[EXERCISE DIRECTIONS]:
Exclude all pictures from your copy of the data below, which should otherwise match exactly.

[DATASET CONTENT]:
=====

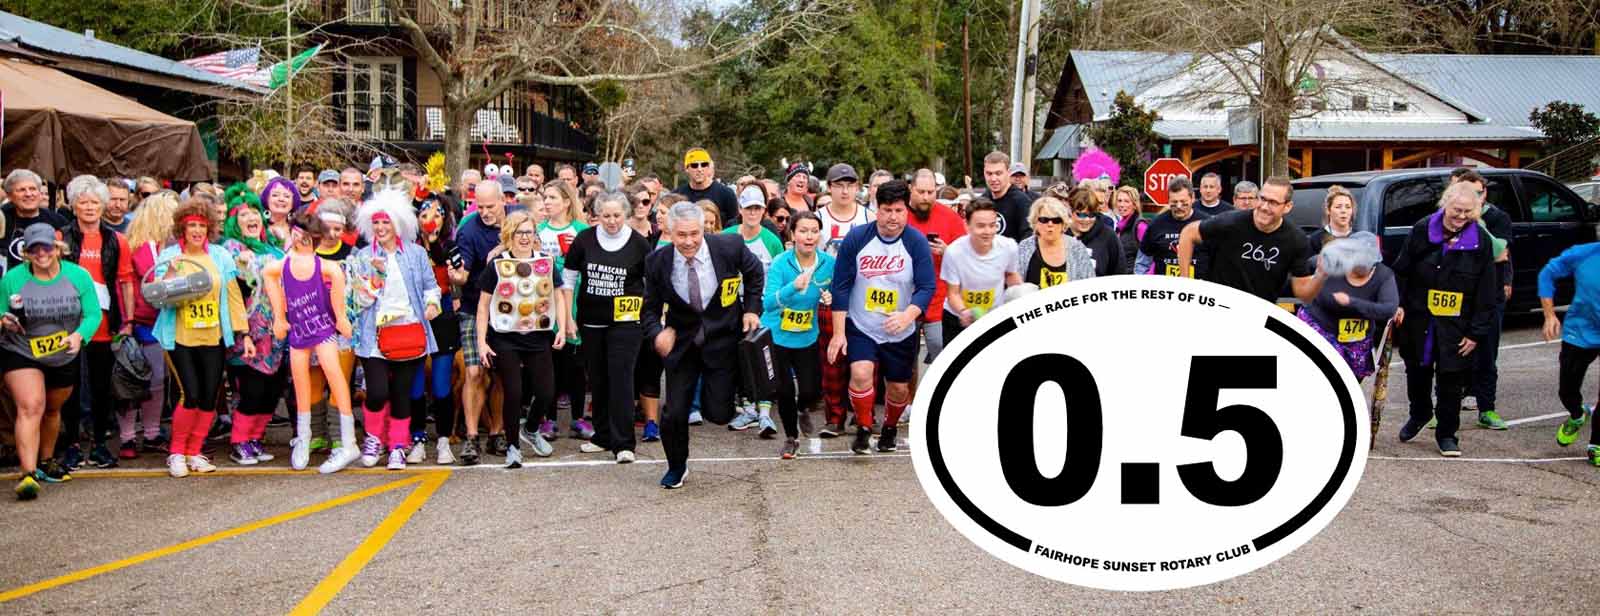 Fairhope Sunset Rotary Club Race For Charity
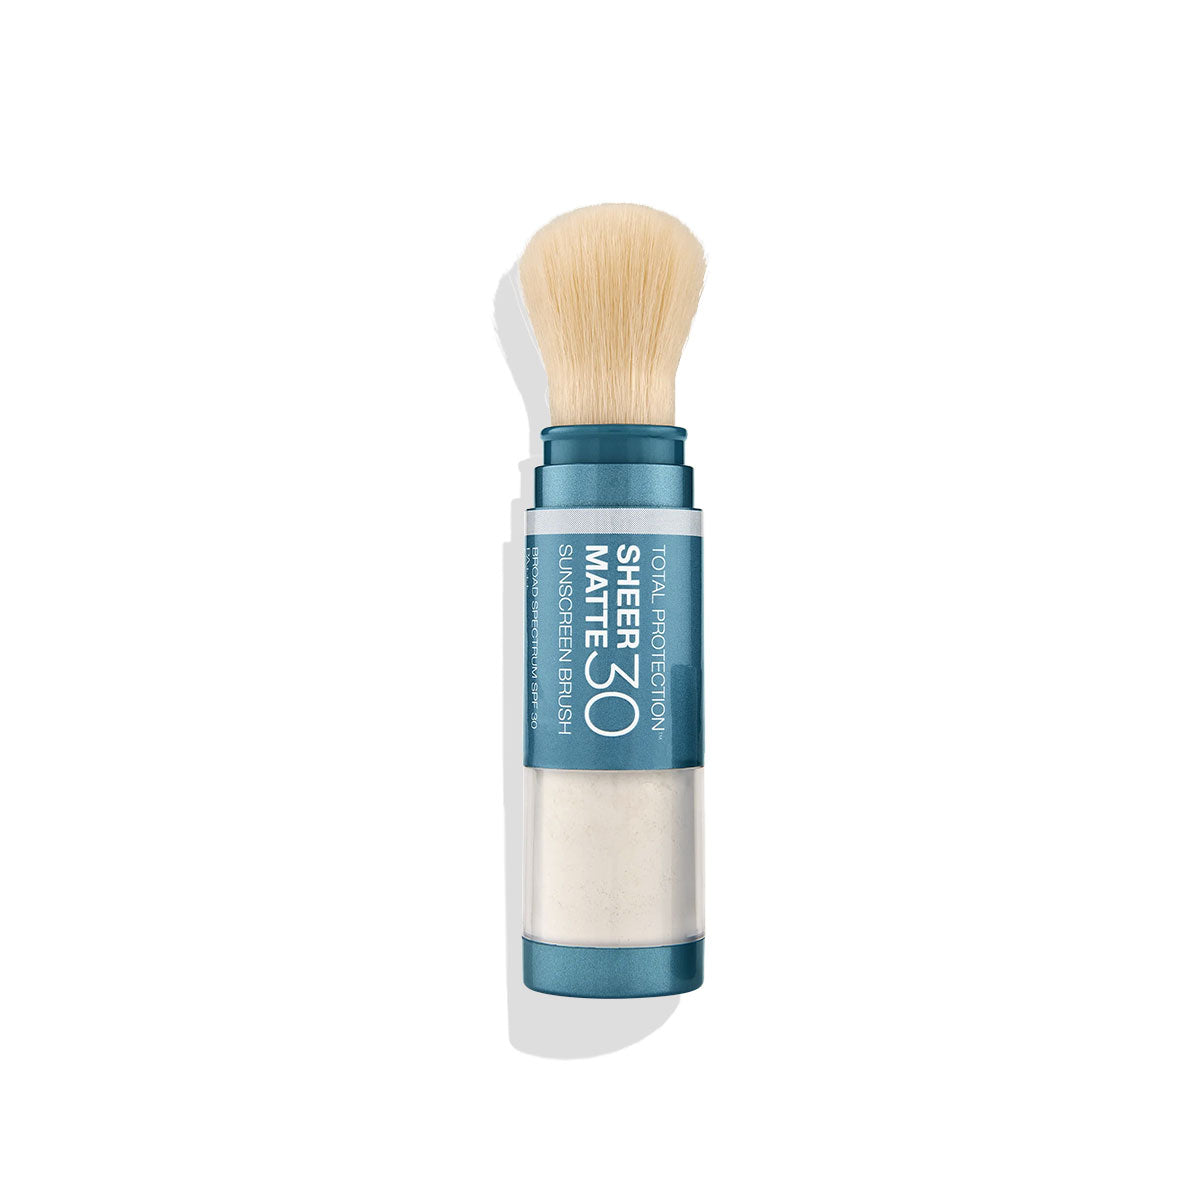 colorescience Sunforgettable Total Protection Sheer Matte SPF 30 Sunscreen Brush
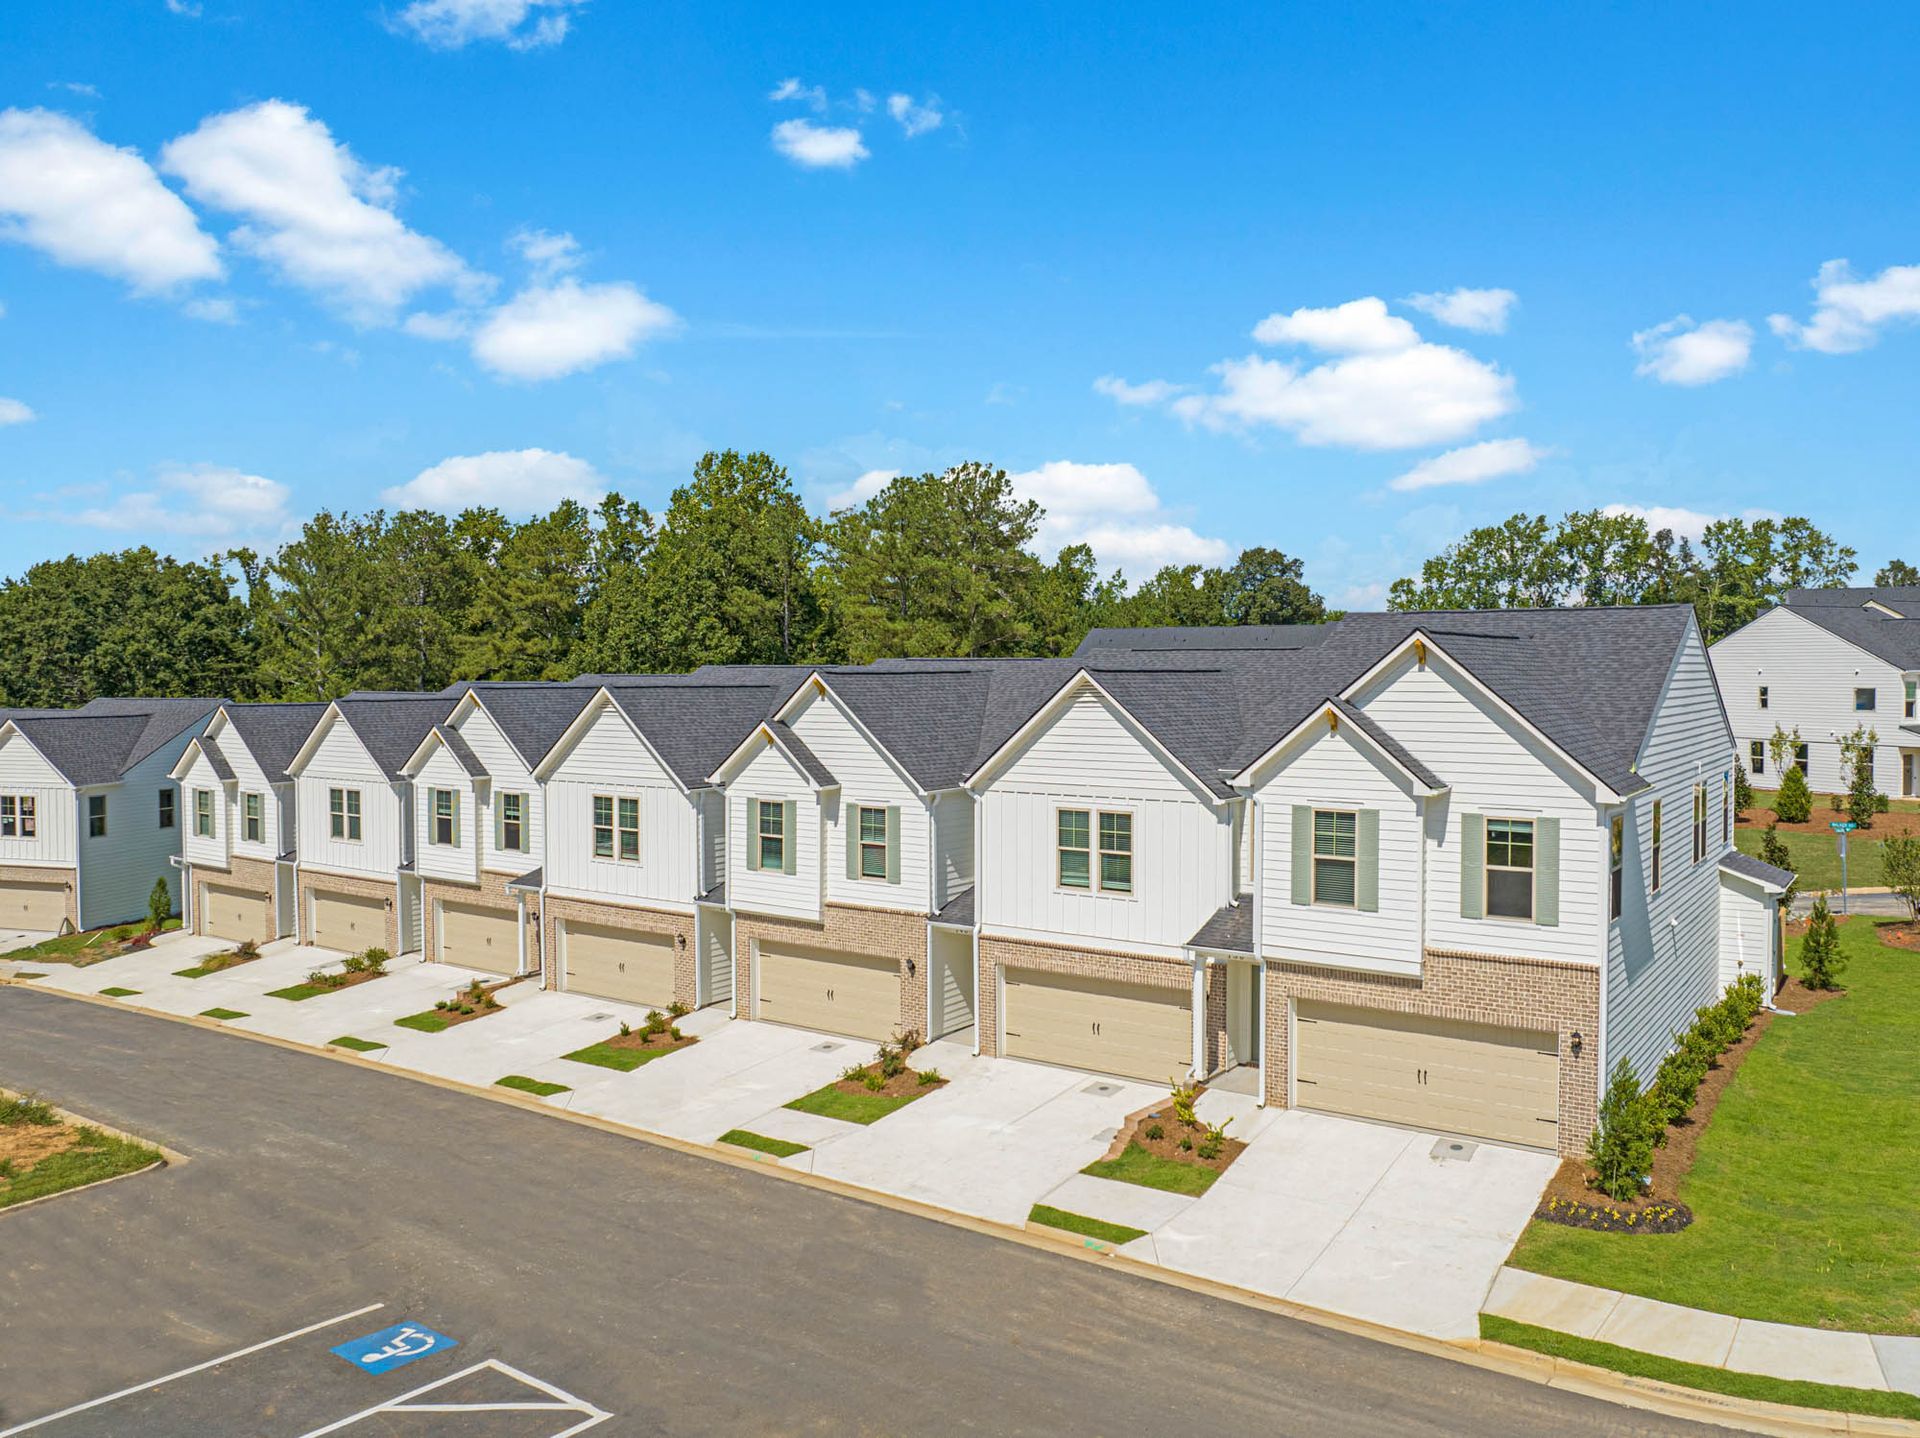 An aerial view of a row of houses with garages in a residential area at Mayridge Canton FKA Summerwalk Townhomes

=====

[EXERCISE ANSWER]:
 Fairhope Sunset Rotary Club Race For Charity
 colorescience Sunforgettable Total Protection Sheer Matte SPF 30 Sunscreen Brush
 An aerial view of a row of houses with garages in a residential area at Mayridge Canton FKA Summerwalk Townhomes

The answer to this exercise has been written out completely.